Work to complete -> Go through the listing and set it down exactly, leaving out its pictures.

Source material ->

[Start of Attachment]

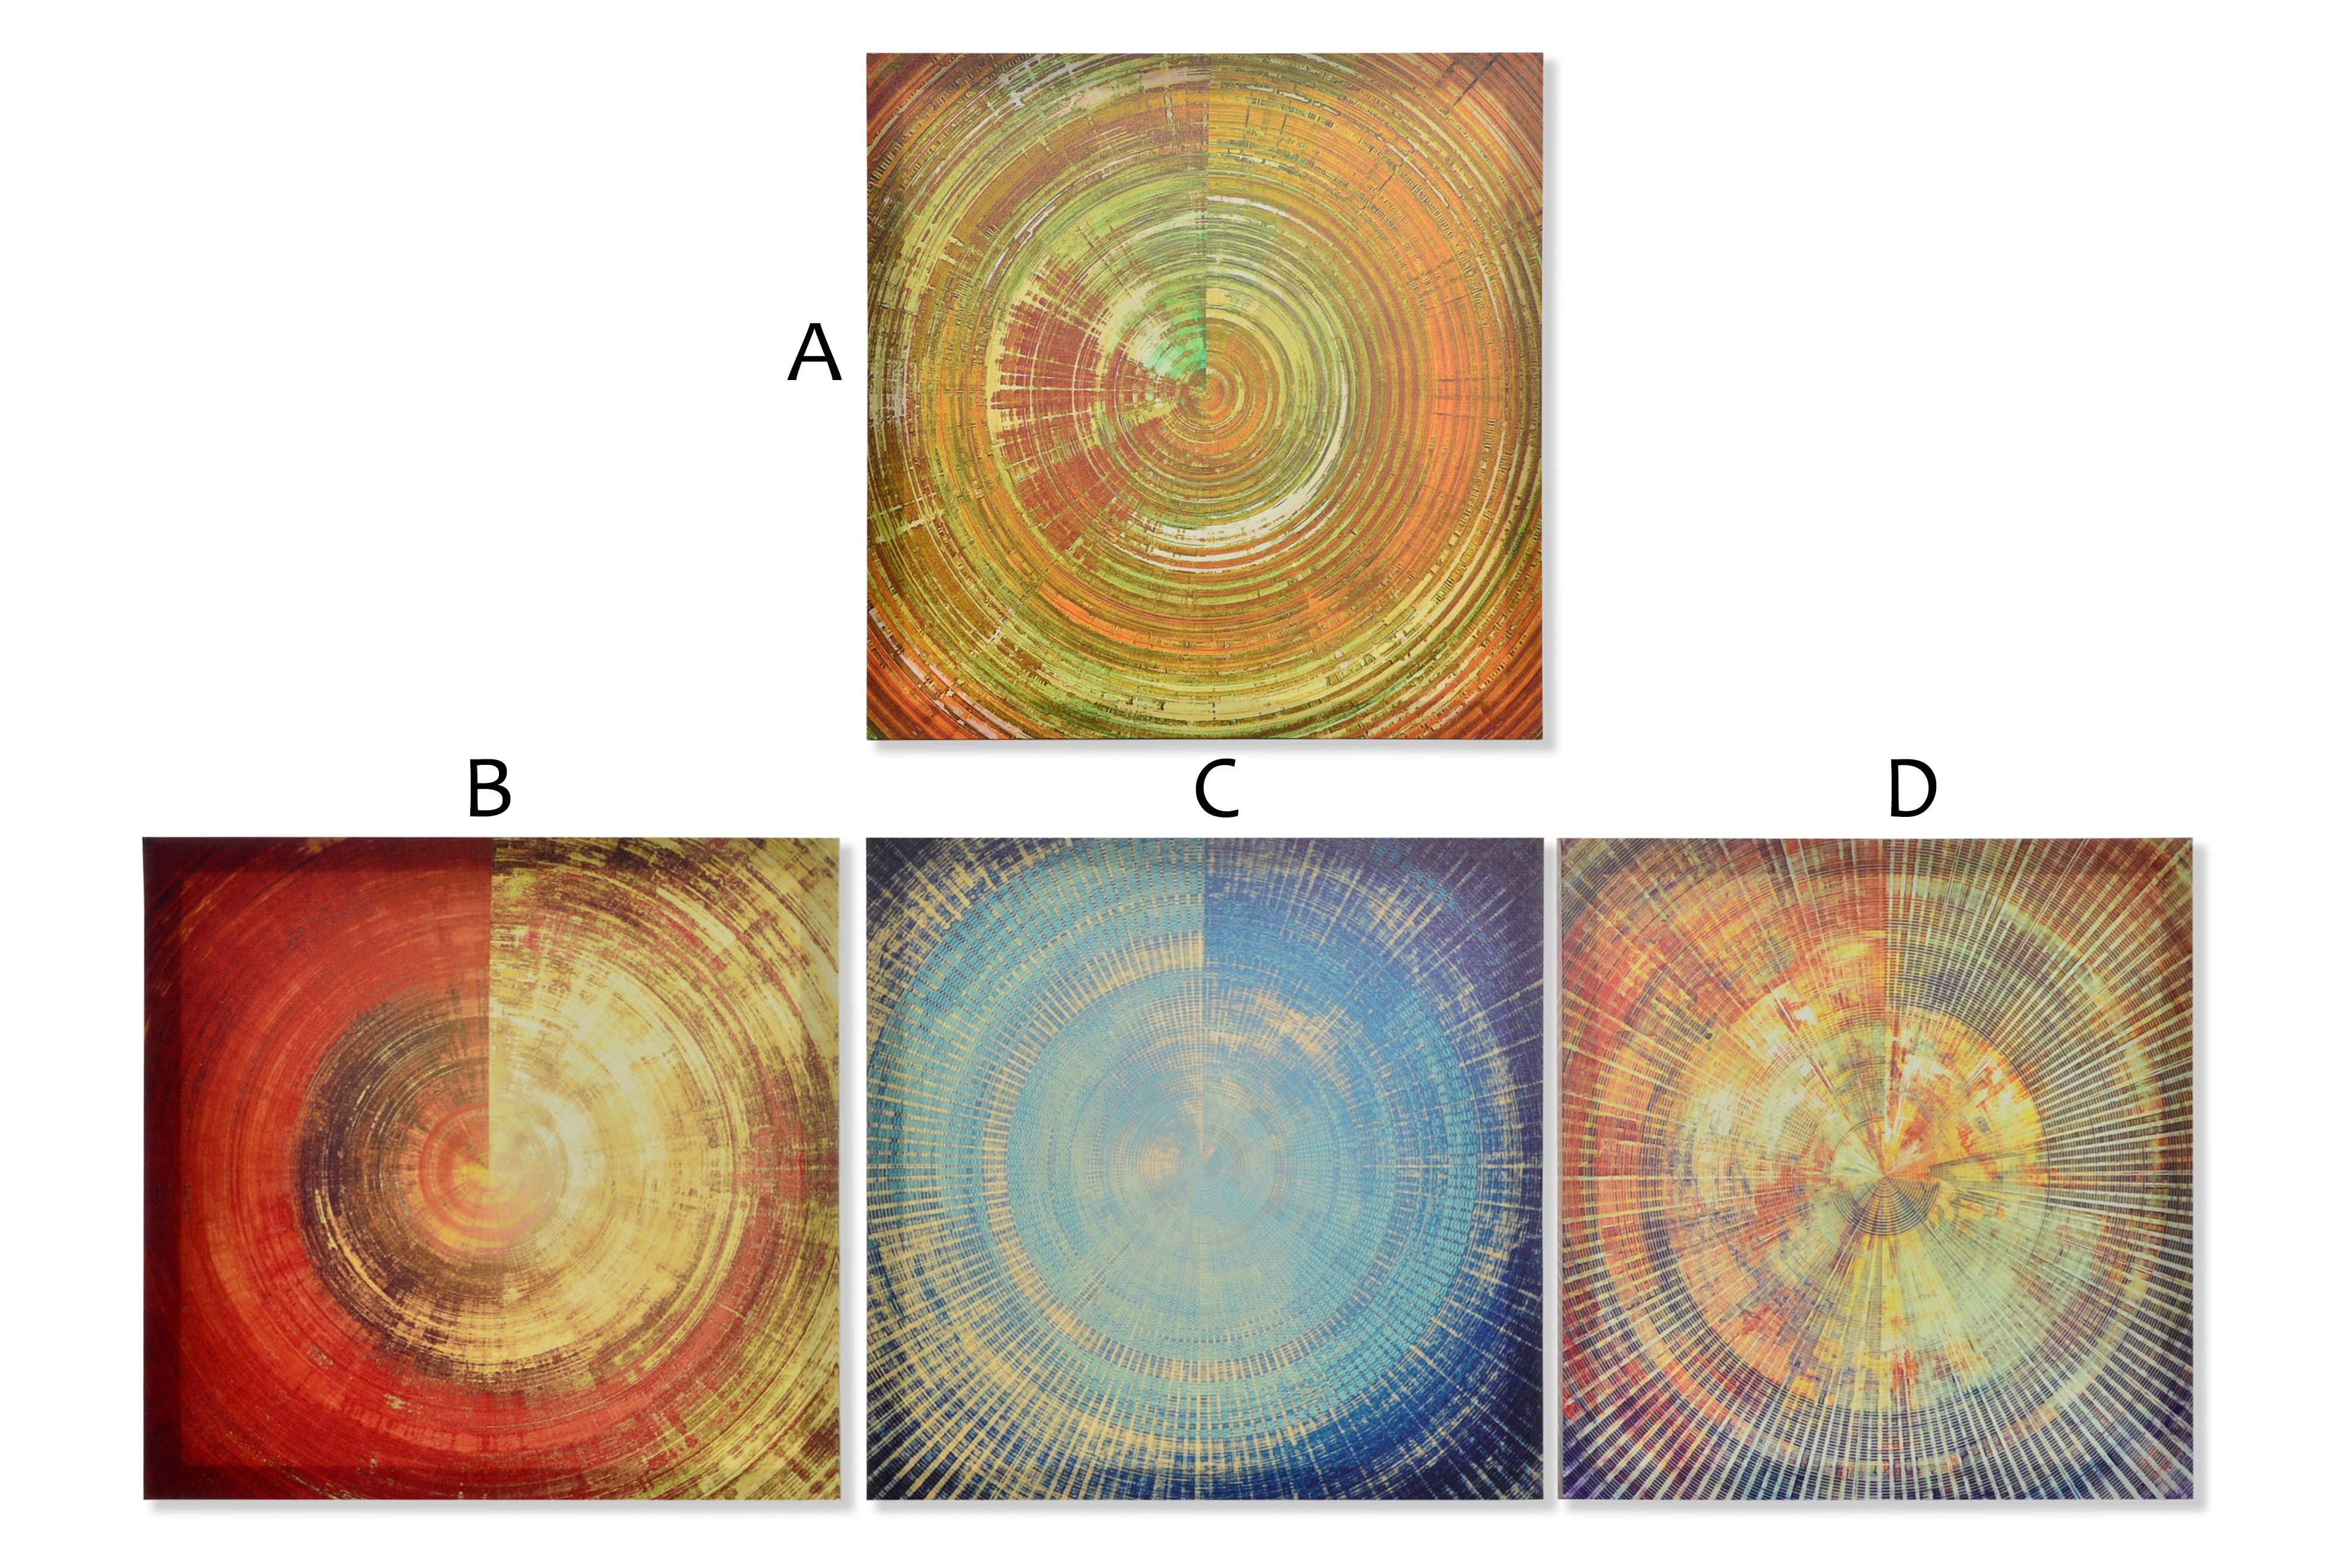 Cuadro decorativo moderno de circulo abstracto en lienzo reforzado de madera Time - Hogar y Mas
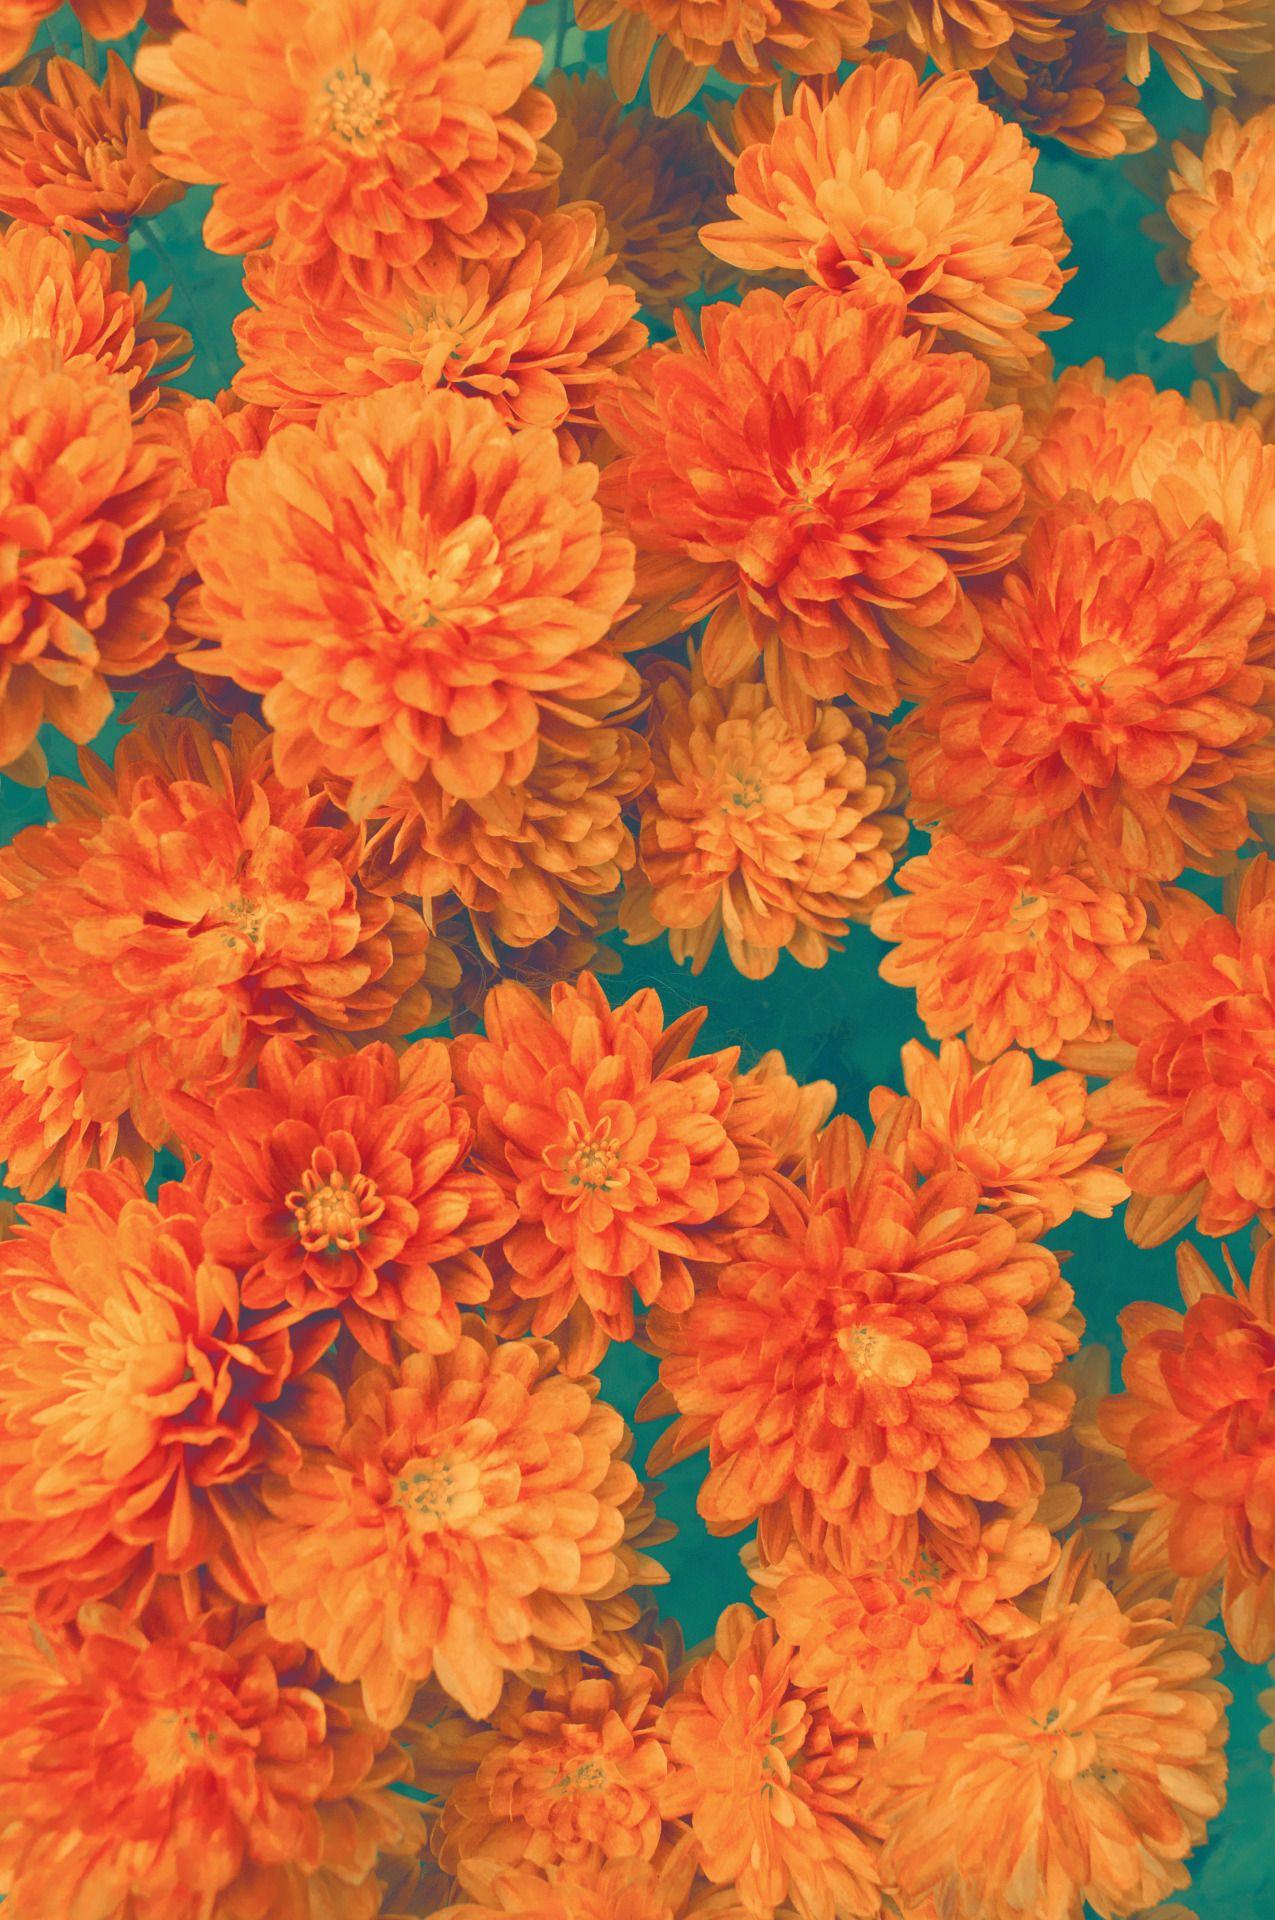 Vintage Patterns Photo Orange Aesthetic Orange Wallpaper Aesthetic Wallpapers
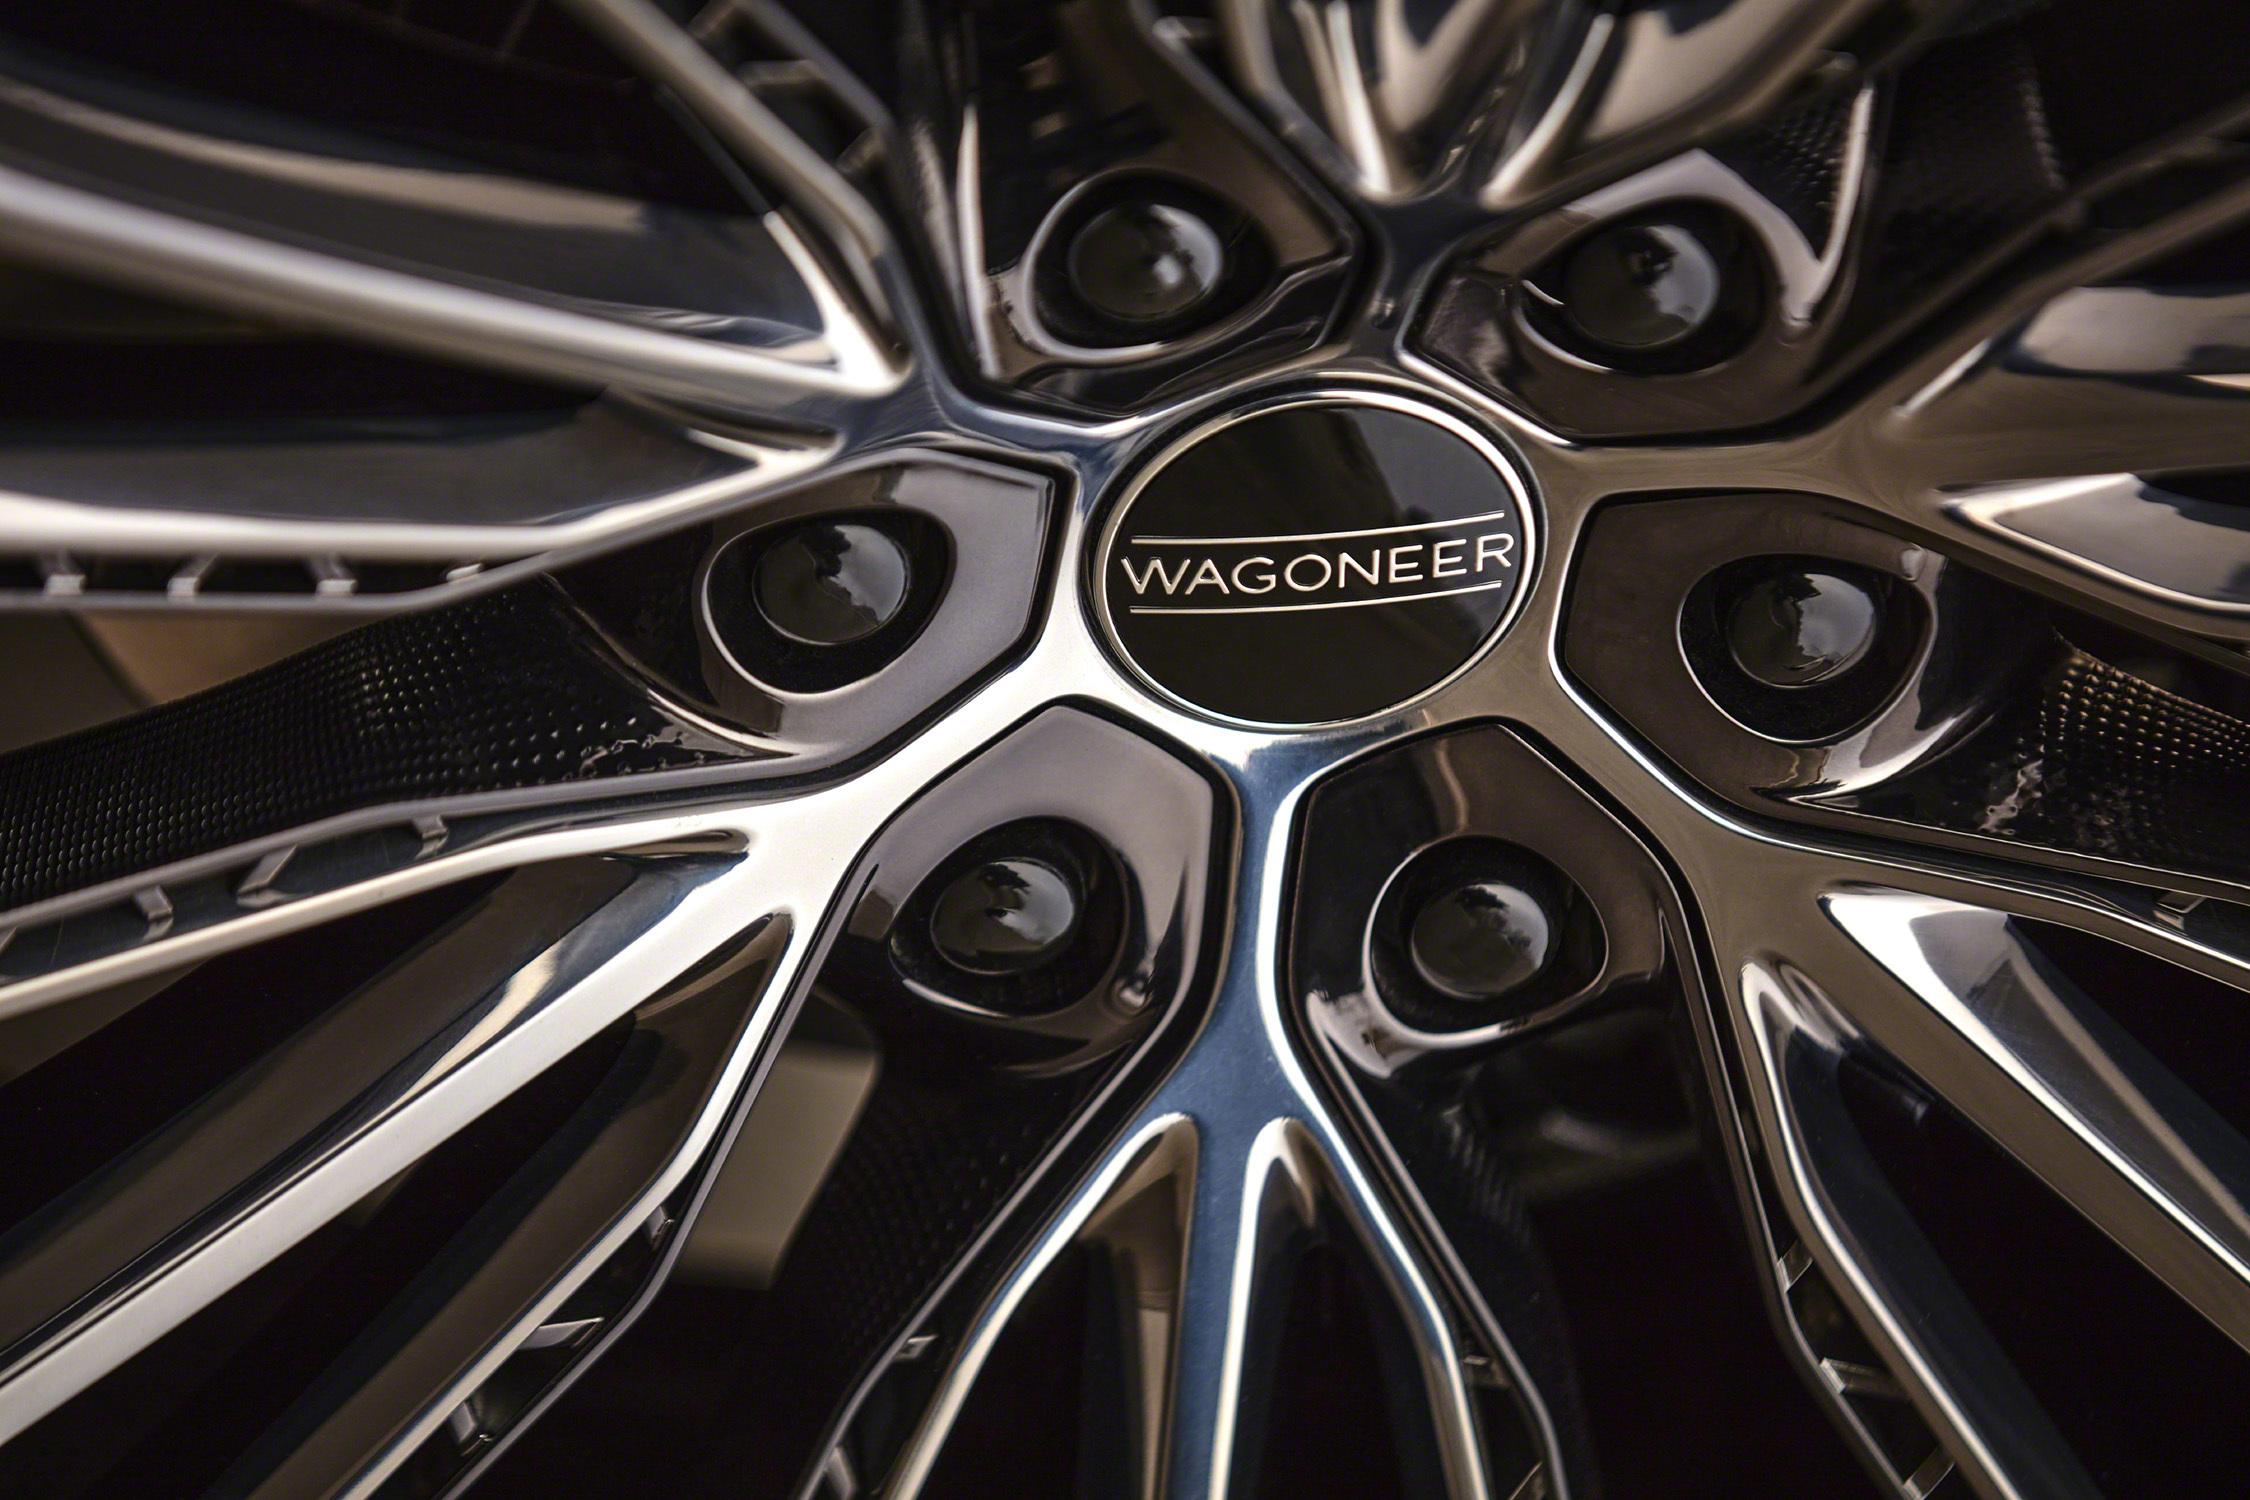 Grand Wagoneer Concept wheel close--up

[End of Attachment]

Exercise answer ->
 Cuadro decorativo moderno de circulo abstracto en lienzo reforzado de madera Time - Hogar y Mas
 Vintage Patterns Photo Orange Aesthetic Orange Wallpaper Aesthetic Wallpapers
 Grand Wagoneer Concept wheel close--up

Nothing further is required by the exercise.